Eder must have to defend herself against the “d” word fairly often these

days. In the last 10 years the singer has knocked out audiences in the

Broadway production of the musical “Jekyll & Hyde” and released four solo

albums that have won her comparisons to the likes of Judy Garland and

Barbra Streisand. If she lacks a proper diva’s brassy assertiveness, Eder

has all the vocal credentials necessary for the title.Newport-Mesa

residents will get to turn an ear to her crooning Dec. 11 when she plays the Orange County Performing Arts Center’s Segerstrom Hall. The show

should give audiences a taste of the poppy but powerful voice Eder is

known for.

It’s a voice that the singer has, to a large degree, developed herself

based on the recordings she loved as a child.

Growing up, Eder received a record of American opera star Eileen Farrell

singing arias from a variety of different works. Eder didn’t know very

much about the material that was being performed: “I don’t really know

opera aside from the ones that everyone knows, the pop operas,” she said.

But the voice captured her imagination.

The 10-year-old Eder worked for a long time to emulate Farrell’s vocal

mannerisms. Then she saw “The Wizard of Oz” and everything changed.

Garland was suddenly the model to copy, but for a different reason.

“Garland, I didn’t feel I was trying to emulate [musically],” Eder said.

“What I learned from her more was a performing sensibility.”

The Garland approach to performance is one Eder contrasts with another of

her heroes: Streisand.

“Where Streisand is sort of ‘I’ll shut my eyes and you can watch me,’

Garland was an all-out performer: ‘I’ll give you all I’ve got. I’ll sing

away all night,”’ Eder said.

The latter approach, one that requires her to pour herself into work and

performance, is the one that Eder has adopted in her career.

She not only delivers exuberant work, but she’s also been doing so --

for the last decade, anyway -- at a pace that mere mortals and sub-divas

would almost certainly find overwhelming.

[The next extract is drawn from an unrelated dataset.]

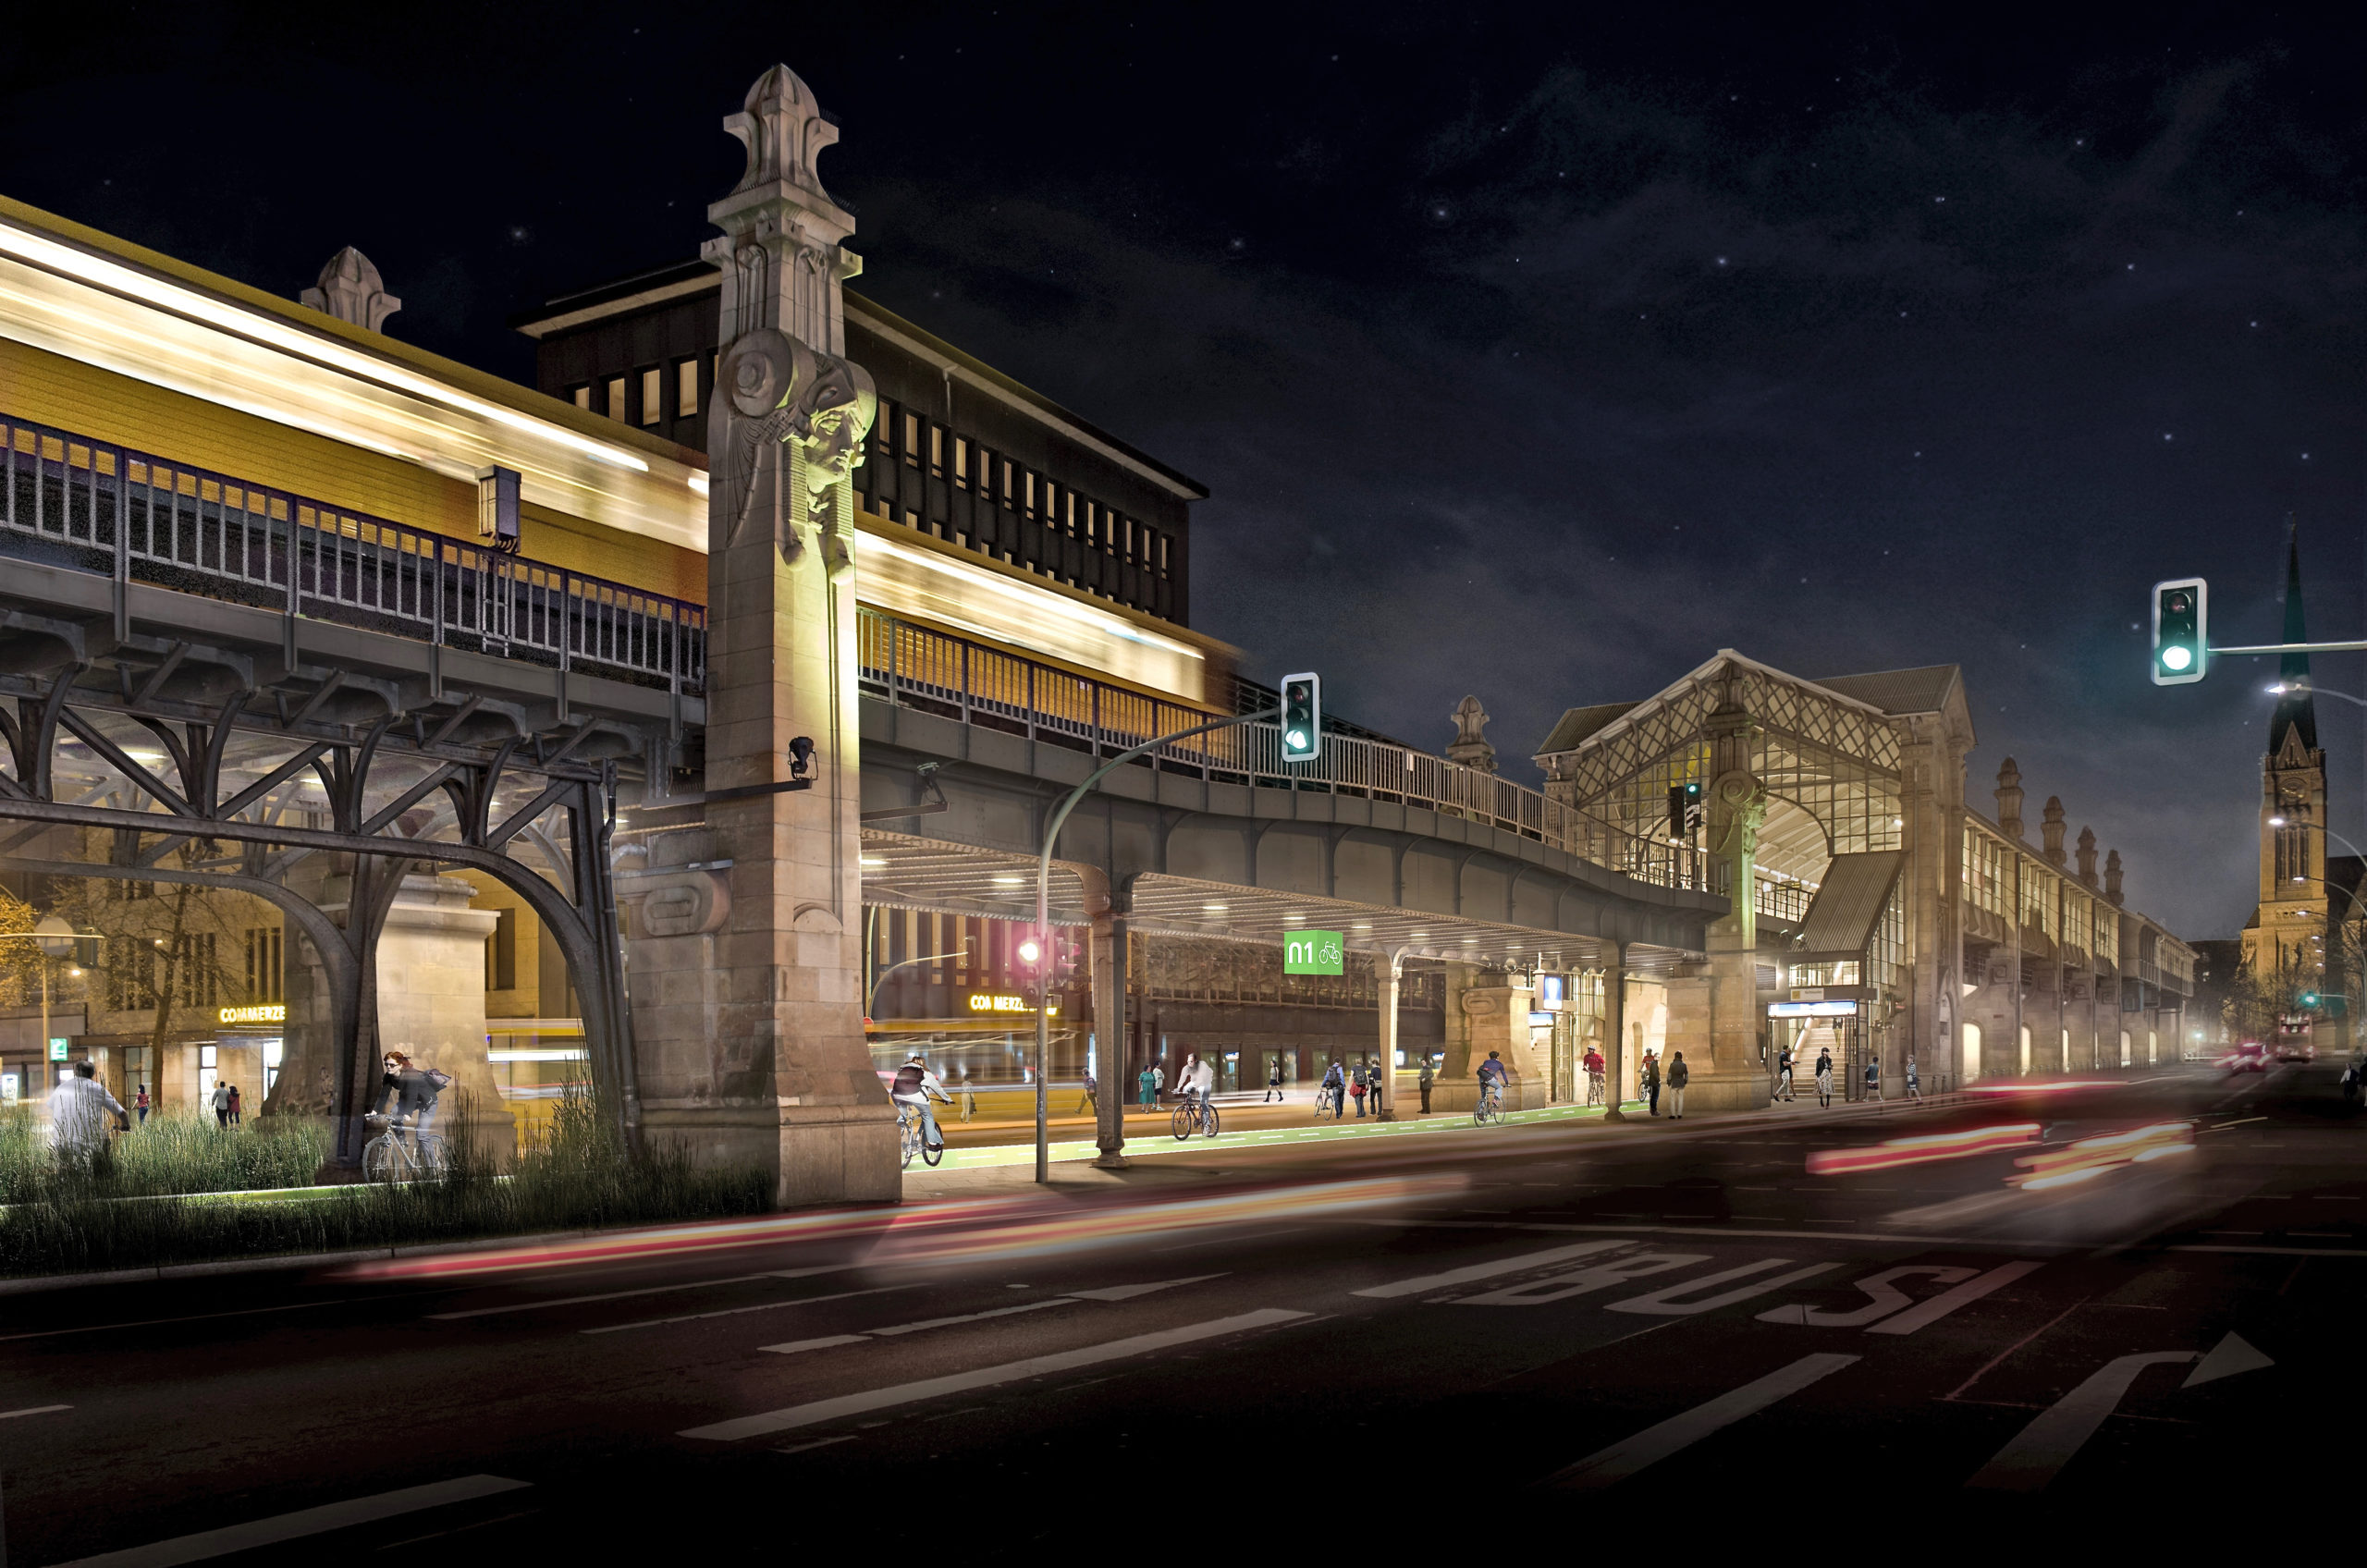 Leuchtturmprojekt der Verkehrswende: Die Simulation zeigt Radbahn-Pläne unter der U-Bahn. Fotomontage: Paper Planes e.V.

In addition to performing eight shows a week as the prostitute Lucy in

“Jekyll and Hyde,” for example, she also managed to run in the New York

City Marathon.

To promote her Altantic Records release “It’s Time,” Eder raced through

an 11-city tour while visibly pregnant. She won critical praise for the

alluring hump of her velvet-clad belly as much as for her singing.

Eder jokes that her career drive is the product of “either work ethic or

insanity.” More candidly, she admits she finds the instability of the

music business a motivating factor in her all-out performance campaign.

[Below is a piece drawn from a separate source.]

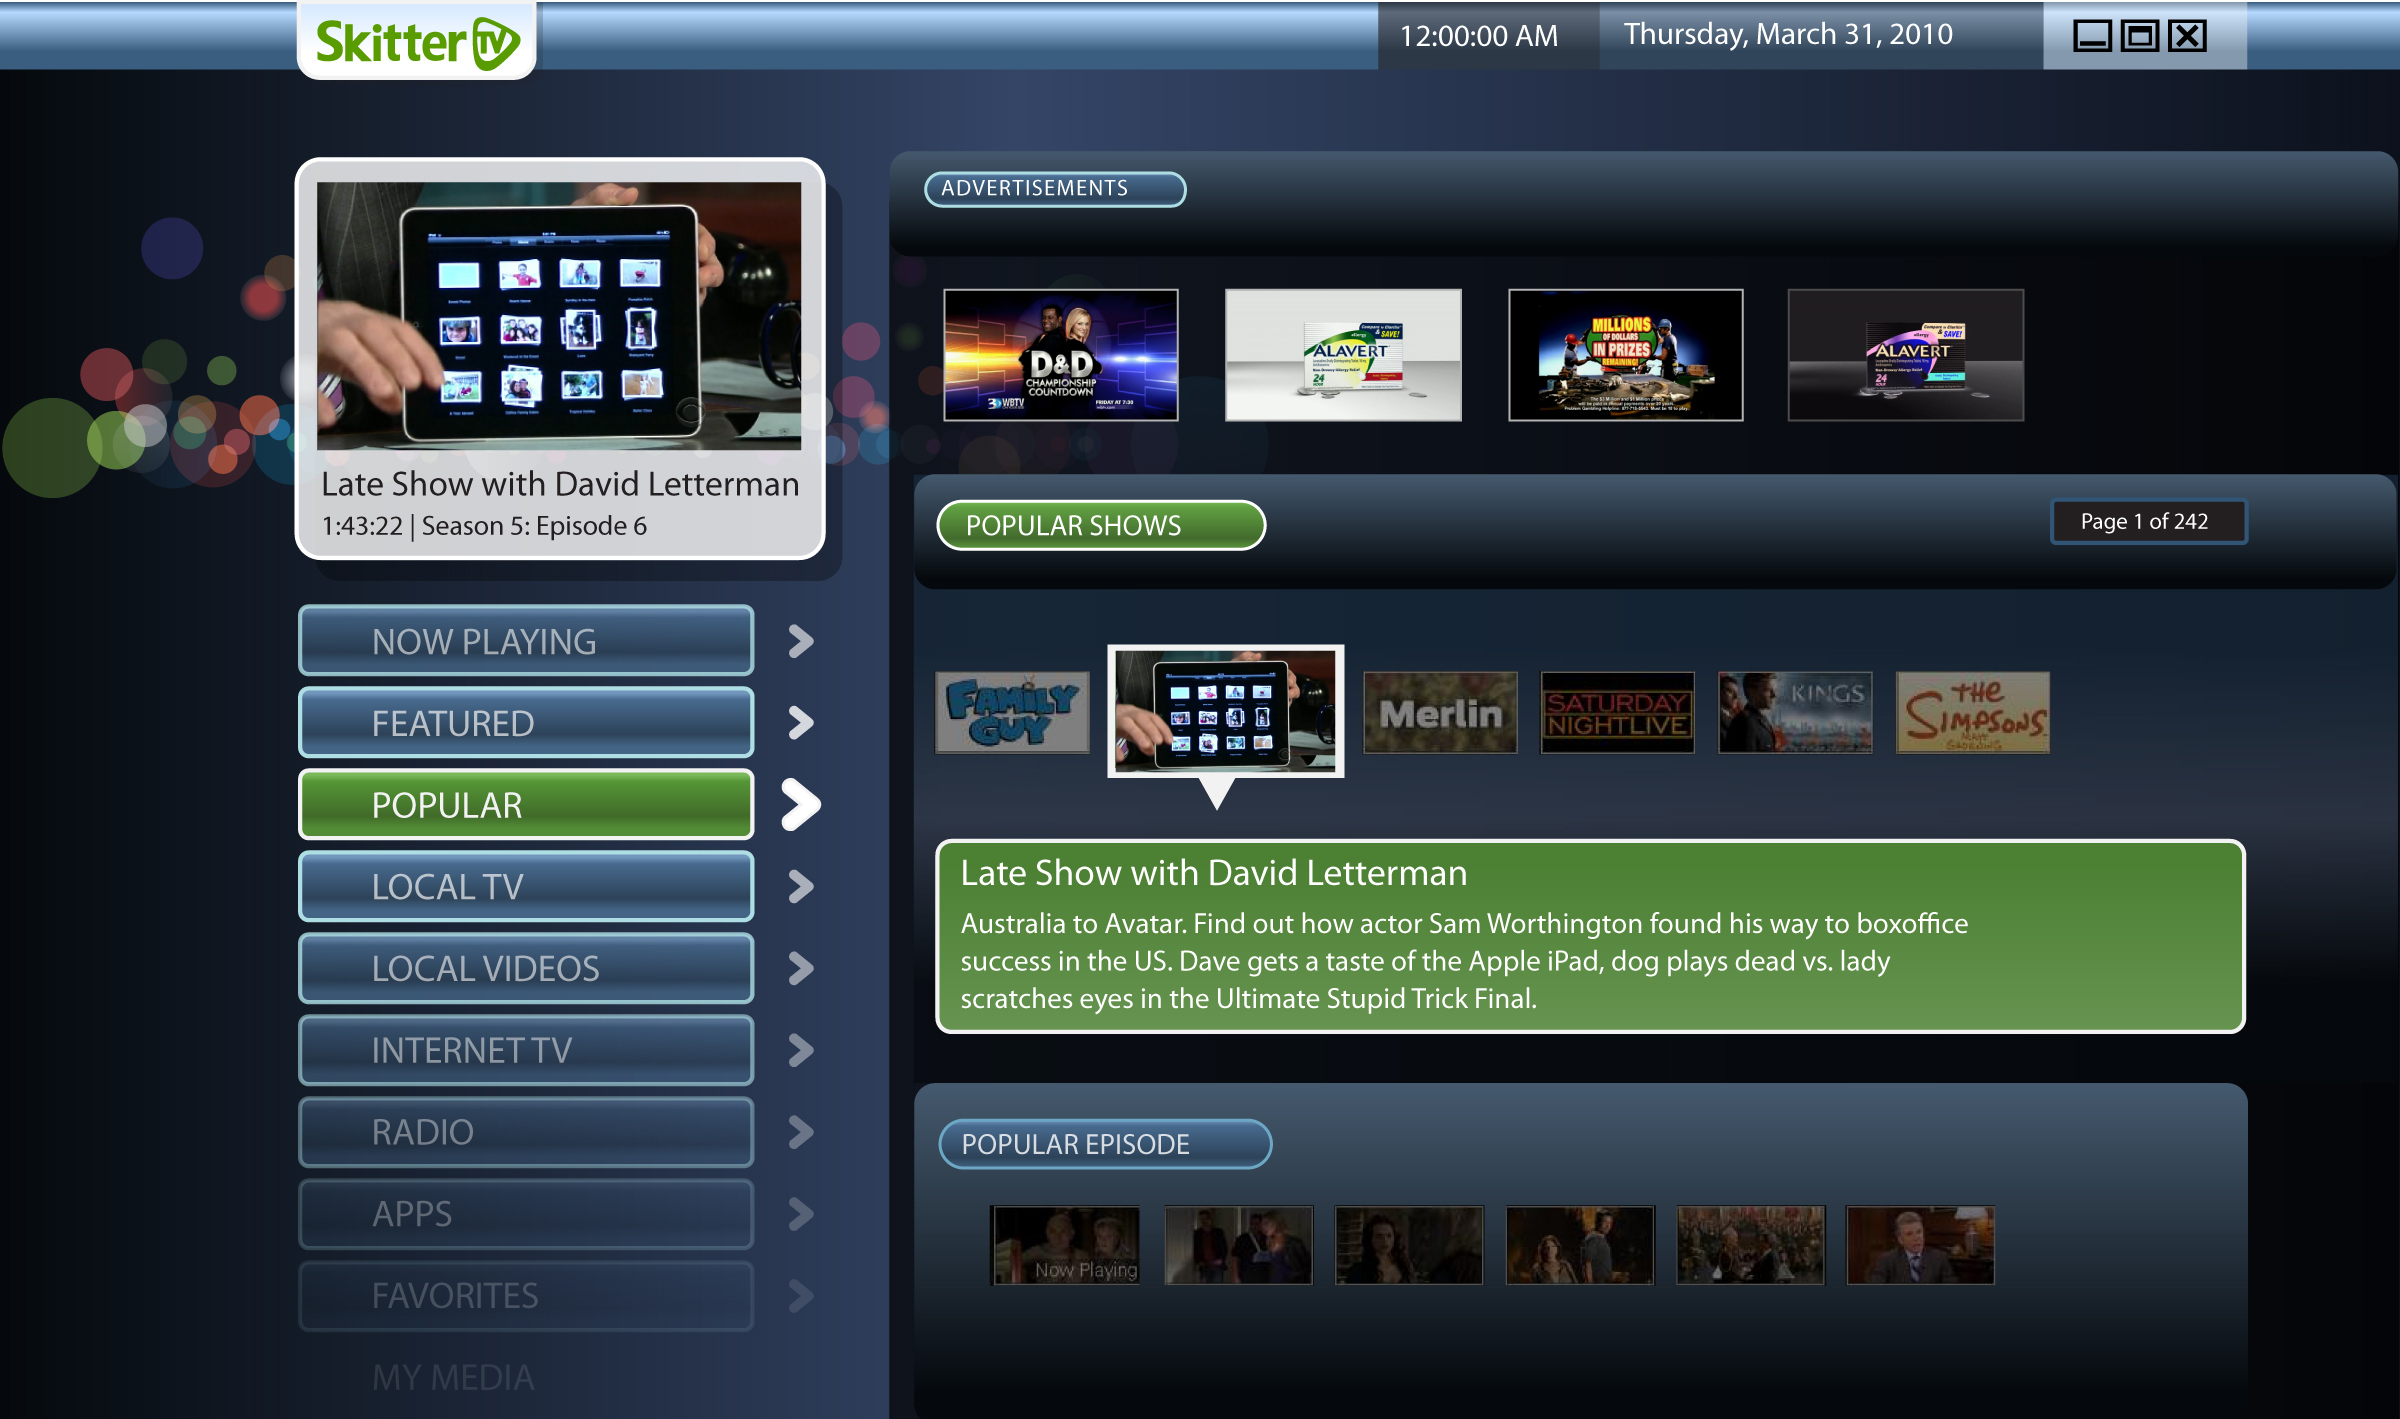 SkitterTV Main menu

“Everyone kind of says that you never know how long you’ll be a public

darling,” she said. “And there’ll be a point in my life where I won’t

want to do this, because I’m a homebody.”

In Eder’s case, though, hanging around her Westchester homestead hardly

means getting away from the industry: she’s been married since 1998 to

Frank Wildhorn, who composed “Jekyll & Hyde,” “Civil War,” and other

Broadway productions.

Many of the songs that Wildhorn writes, including the material for

“Havana,” the musical he currently has in development, are tailored for

Eder’s distinct voice, she said.

“If you ask Frank, he says he writes all the female characters for all

his shows with me in mind,” Eder said. “He calls me his muse.”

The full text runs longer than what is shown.